Die Arbeit besteht aus vier Kapiteln: Kapitel 1 (Einführung) führt in die Thematik ein und kritisiert das Auslassen der Mutterrolle in der bisherigen feministischen Literaturkritik. Kapitel 2 (Sozialhistorische Genese von Mütterlichkeit und Mutterliebe) skizziert die Entwicklung des Mutterbildes, beginnend mit Simone de Beauvoir. Kapitel 3 (Mutterfiguren in Elementarteilchen) analysiert verschiedene Mutterfiguren im Roman (Janine, Großmütter, Annabelle und Christiane). Kapitel 4 (Fazit) fasst die Ergebnisse zusammen.
Welche weiblichen Figuren werden analysiert?
Die Arbeit analysiert Janine als leibliche Mutter, die Großmütter als weibliches Ideal und Annabelle und Christiane als späte Mutterersatzfiguren.

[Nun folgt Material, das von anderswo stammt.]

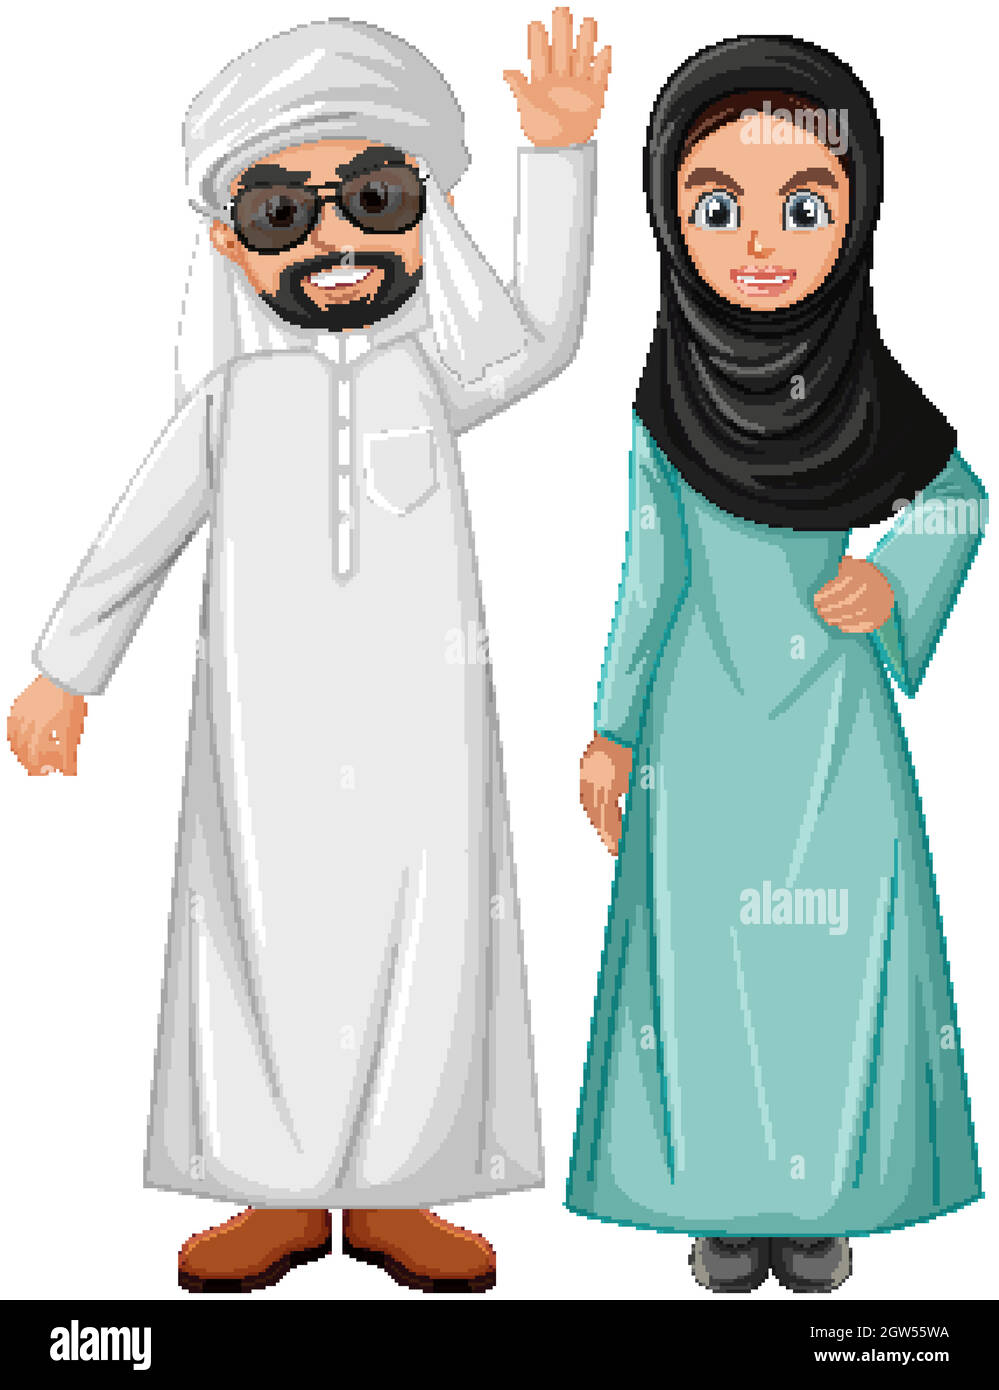 Adult arab couple wearing arab costume character Stock Vector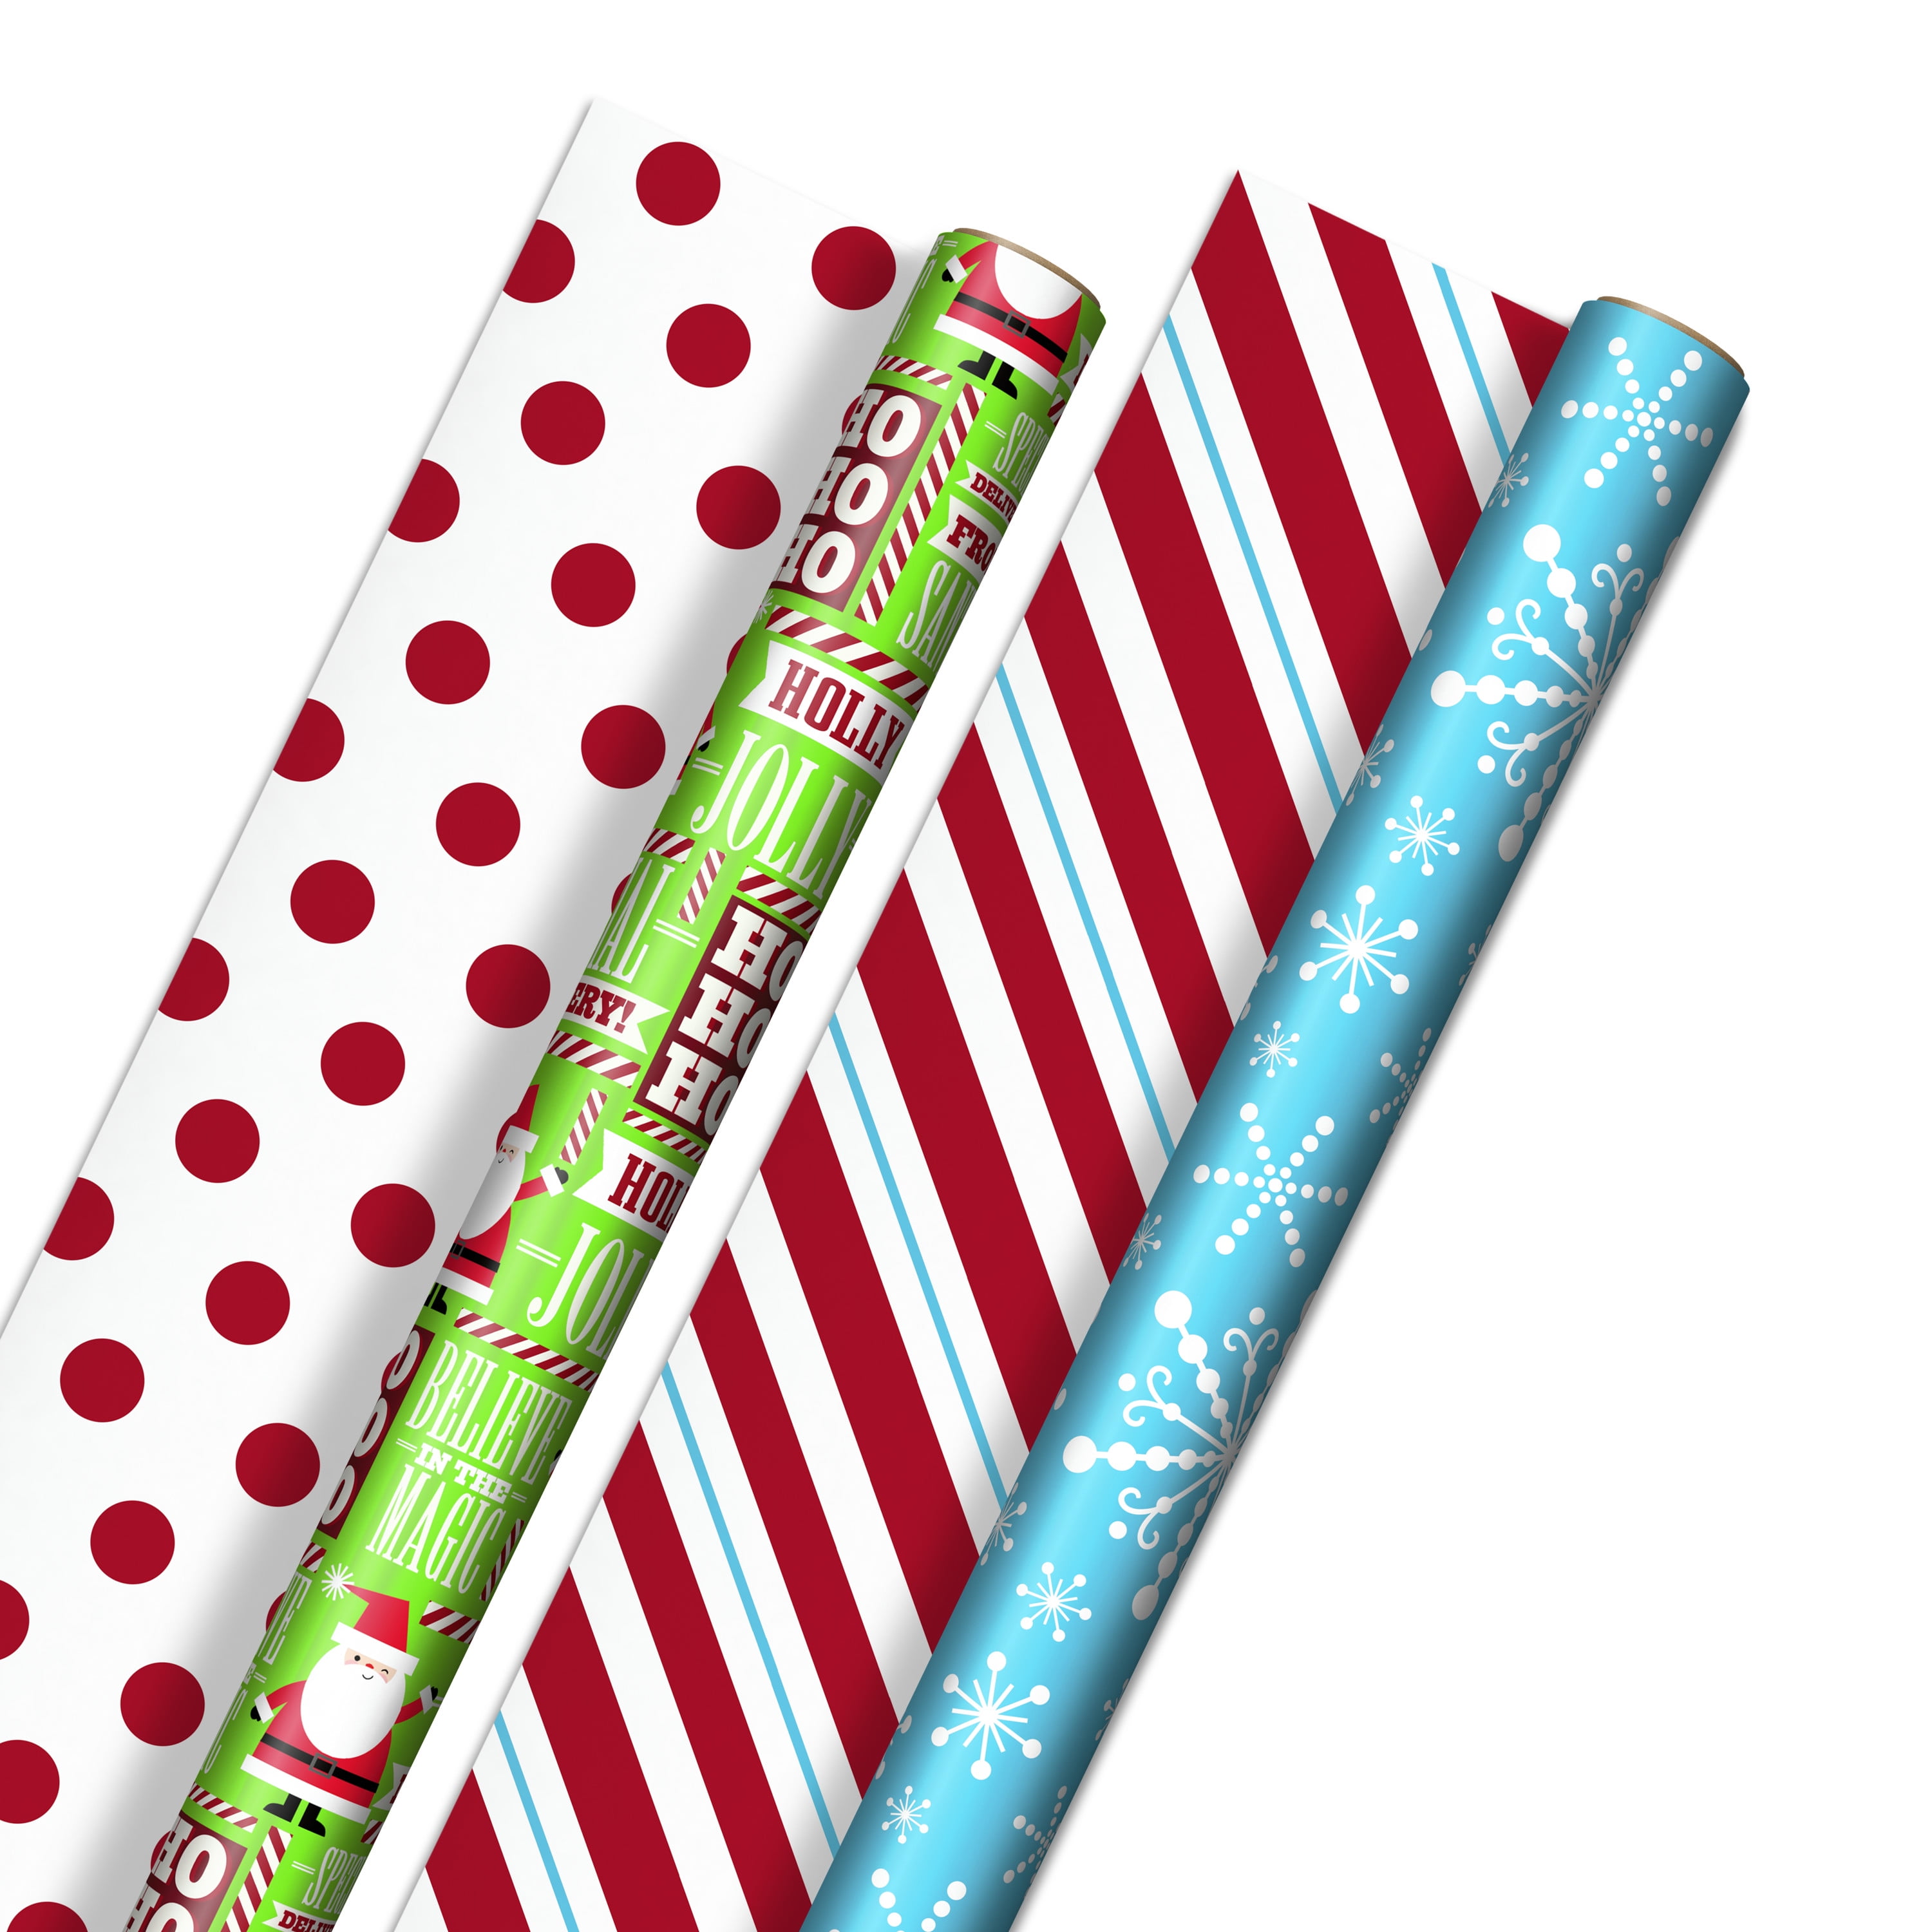 Hallmark Reversible Christmas Wrapping Paper for Kids - Bulk (2 Jumbo Rolls: 160 Sq. ft. ttl) Santa, Snowflakes, Stripes, Red Dots, Dual-Pack

Die Analyse beleuchtet, wie Houellebecq bürgerliche Mutterschaftsideale aufgreift und die „weibliche Natur“ überhöht.
Welche Schlüsselwörter beschreiben den Inhalt der Arbeit?
Schlüsselwörter sind: Michel Houellebecq, Elementarteilchen, Mutterfiguren, Muttermythen, Mütterlichkeit, Mutterliebe, Sozialgeschichte, Geschlechterrollen, Feministische Literaturkritik, Kapitalismuskritik, Individualisierung, Mythisierung, bürgerliche Ideale, Janine, Großmütter, Annabelle, Christiane.
Welche These wird in der Arbeit aufgestellt?
Die Arbeit stellt die These auf, dass dem Roman "Elementarteilchen" ein Subtext zugrunde liegt, der die Männer als von Sehnsucht nach dem Mutterschoß geprägt darstellt.
Wie wird die sozialhistorische Entwicklung des Mutterbildes dargestellt?
Das Kapitel zur sozialhistorischen Genese beschreibt die Entwicklung des Mutterbildes im Kontext der bürgerlichen Kleinfamilie und Industrialisierung, die zunehmende Emotionalisierung der Mutterrolle, den Wandel von erlernbarer Mutterliebe zur intrapsychischen Struktur und den Einfluss der Psychoanalyse. Die Verschiebung von Mutterliebe hin zur Mutterpflicht und der anhaltende Einfluss des Mutterbildes im 20. Jahrhundert werden ebenfalls thematisiert.
Wie steht die Darstellung der Mutterfiguren im Kontext der Kritik des Romans an der Moderne?
Die Arbeit untersucht, wie die Darstellung der Mutterfiguren im Kontext der Kritik des Romans an der modernen Individualisierung und des Kapitalismus steht. Houellebecqs Überhöhung bürgerlicher Mutterschaftsideale wird in diesem Zusammenhang analysiert.